Luca also found that chains, after Yelp was introduced in the market he was studying, began to lose market share to independent restaurants. Pict
ure Akerlof’s prototypical customer in 1963, eating his slightly better-than-average hamburger at a roadside chain, magically granted a smartphone: Suddenly he could learn where to get a great hamburger. As Luca notes, the “utility” of going to an independent restaurant was higher. Eaters had nothing to lose but the chains. It was that “efficient market” again: When all “known information” has already been built into stock prices (or restaurant ratings), amateur investors (or amateur diners) can do as well as experts. One might even argue that Yelp, and the broader transmission of online taste, have helped drive the emergence of better chain restaurant options.
But electronic word of mouth introduces its own problems. Instead of a paucity of information, you may these days encounter the reverse problem: too much information. You wade into a Yelp entry for a simple diagnosis of whether a place is worth your money. You find zigzagging polarities of experience: A meal was “to die for”; the same meal was “pretty lame.” Or you find yourself pulled into the narrow channels of people’s proclivities—a dislike of the music, a digression into the flatware design. Having sifted through a morass of reviews, you may begin to feel a kind of hangover. Either you quit the place altogether, or by the time you arrive, you already feel weighted by a certain exhaustion of expectation, as if you had already consumed the experience and were now simply going through the motions.

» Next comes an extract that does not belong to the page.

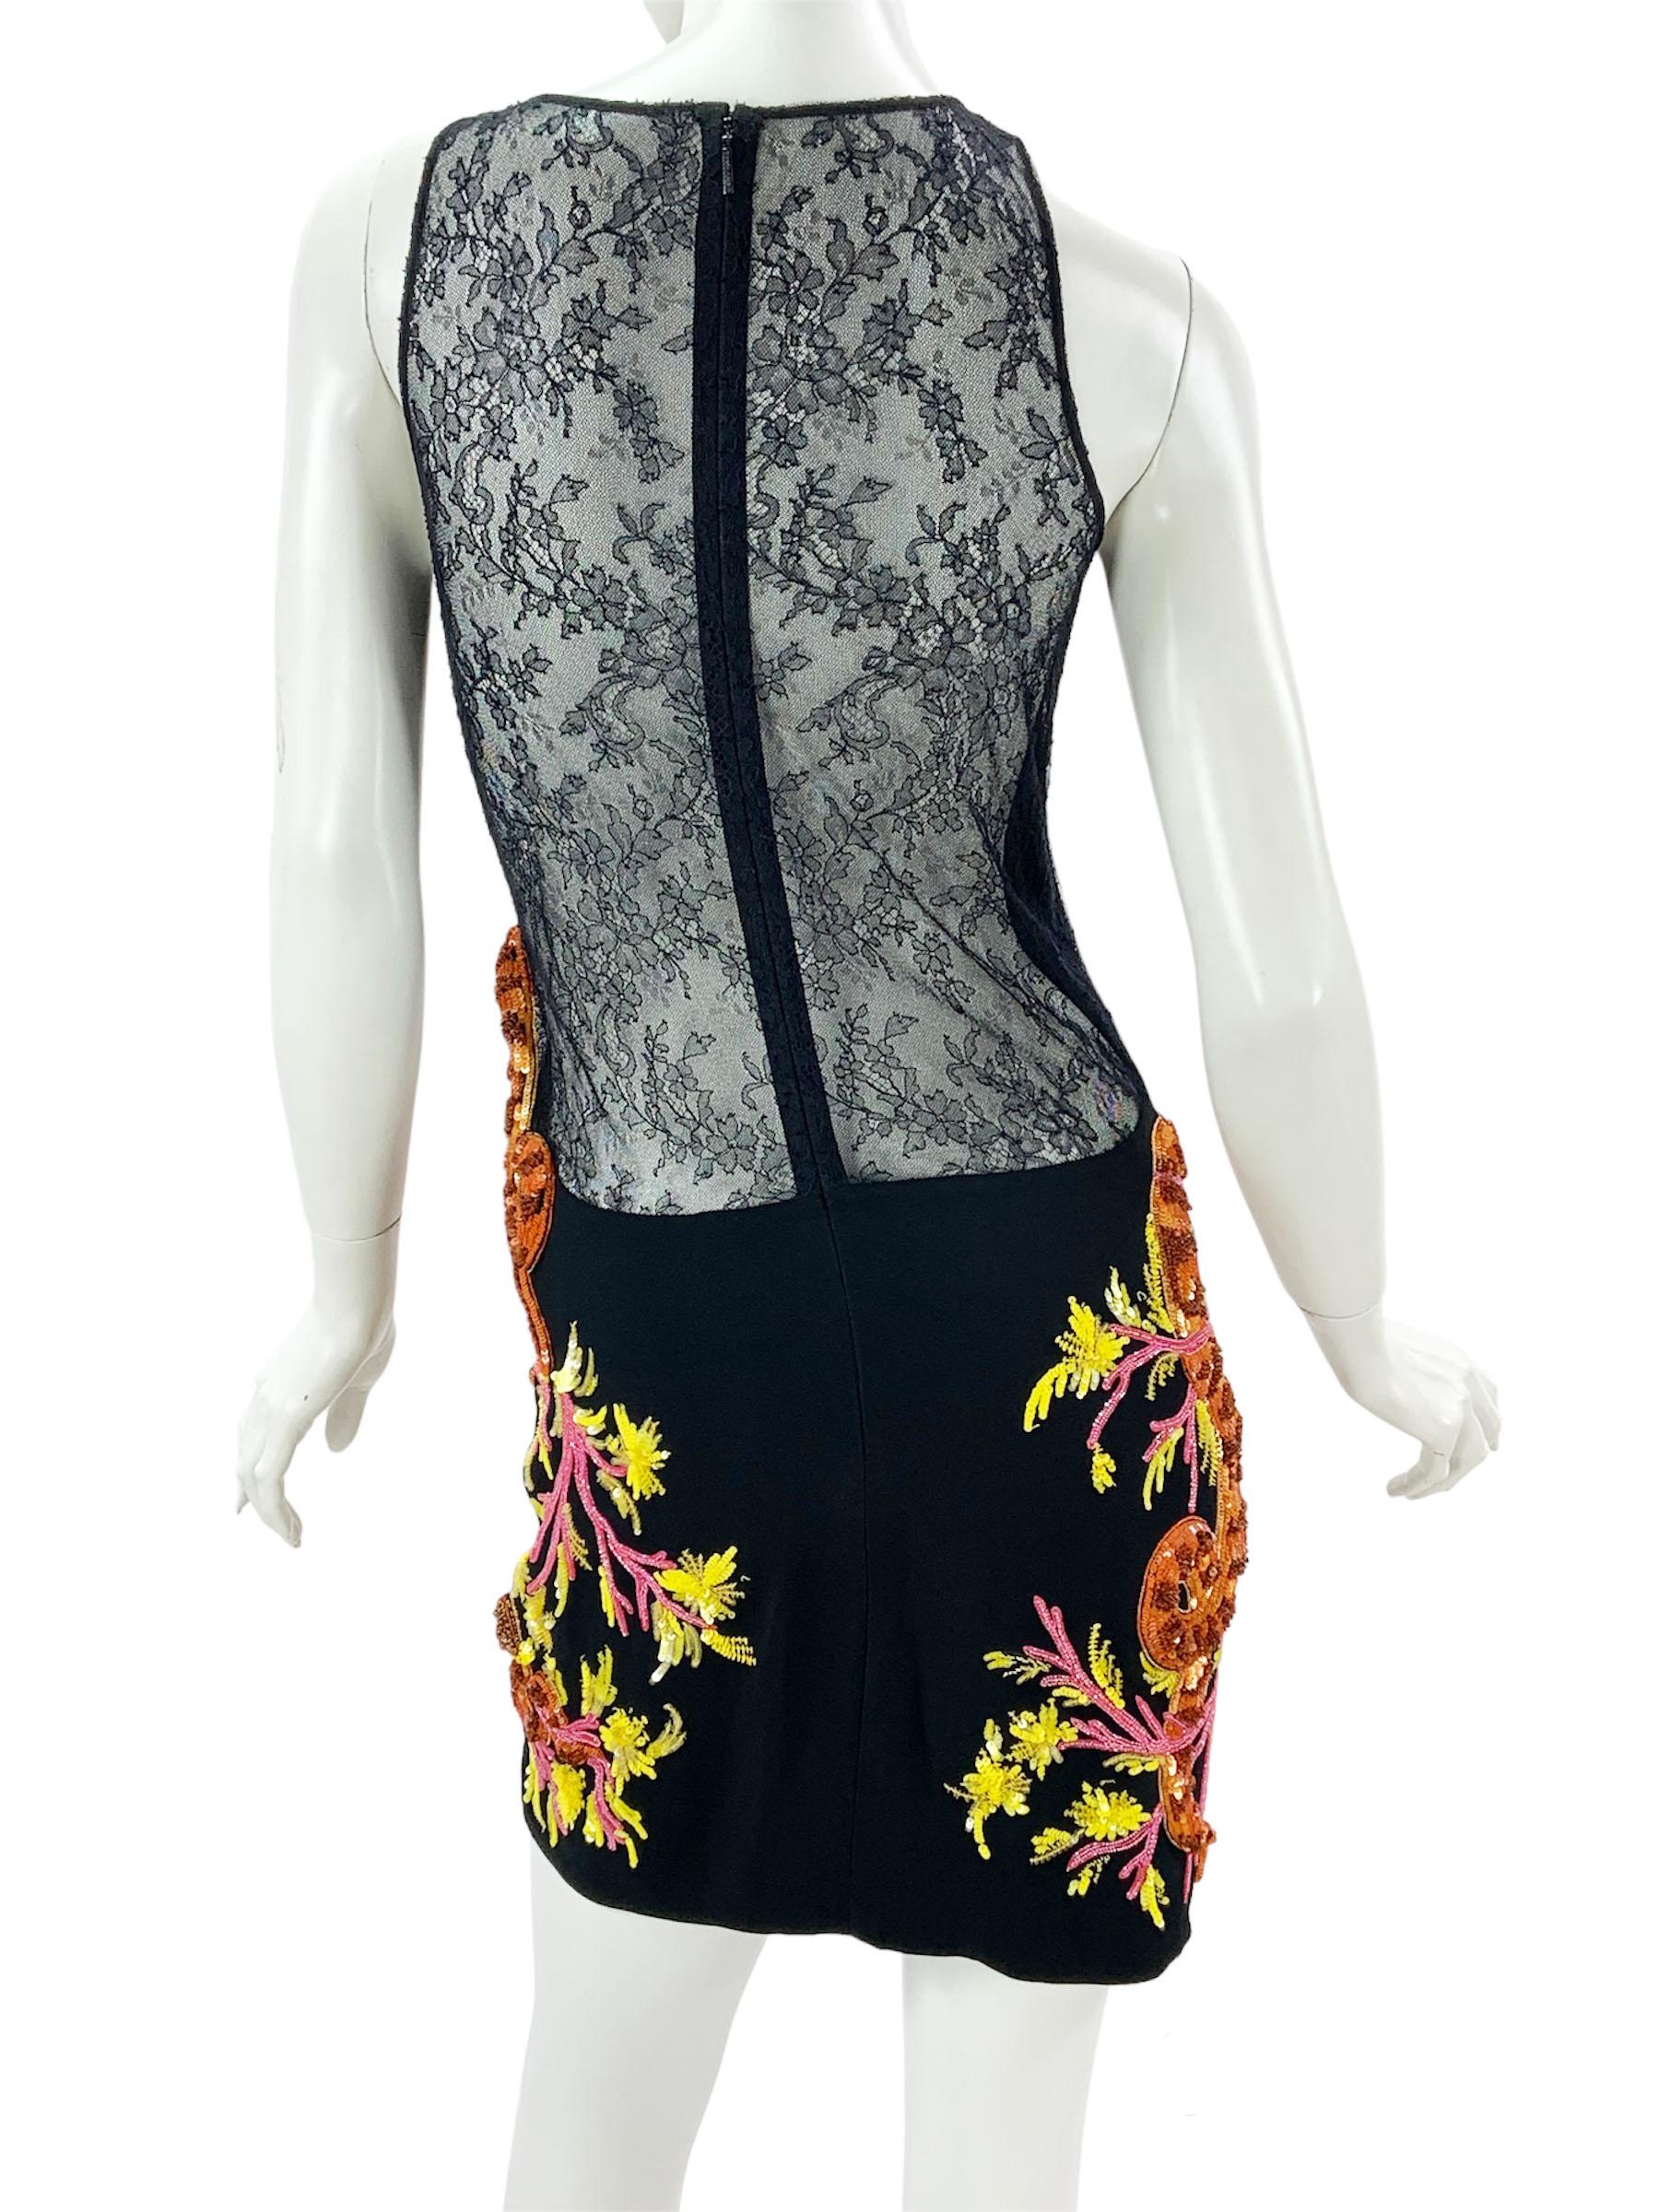 New Roberto Cavalli 3-D Snake Corals Embellished Lace Mini Dress Italian 38, 40 For Sale 2

Reading through the reviews of a restaurant, you may find yourself reviewing the reviewers. For as important as the question of whether they liked it is, Are they like us? One looks for signals of authority and a shared outlook. A red flag for me, for example, is the word “awesome.” It is not simply that I think the word has lost most of its connotation. It is that I place less trust in the opinion of someone who uses it (for example, “awesome margaritas”*3—and you may trust me less for not trusting it. The word “anniversary” or “honeymoon” in a review portends people with inflated expectations for their special night. Their complaint with any perceived failure by the restaurant or hotel to rise to this solemn occasion is not necessarily ours. I reflexively downgrade reviewers writing with syrupy dross picked up from hotel brochures (“It was a vision of perfection”) or employing such trite abominations as “sin-fully delicious!”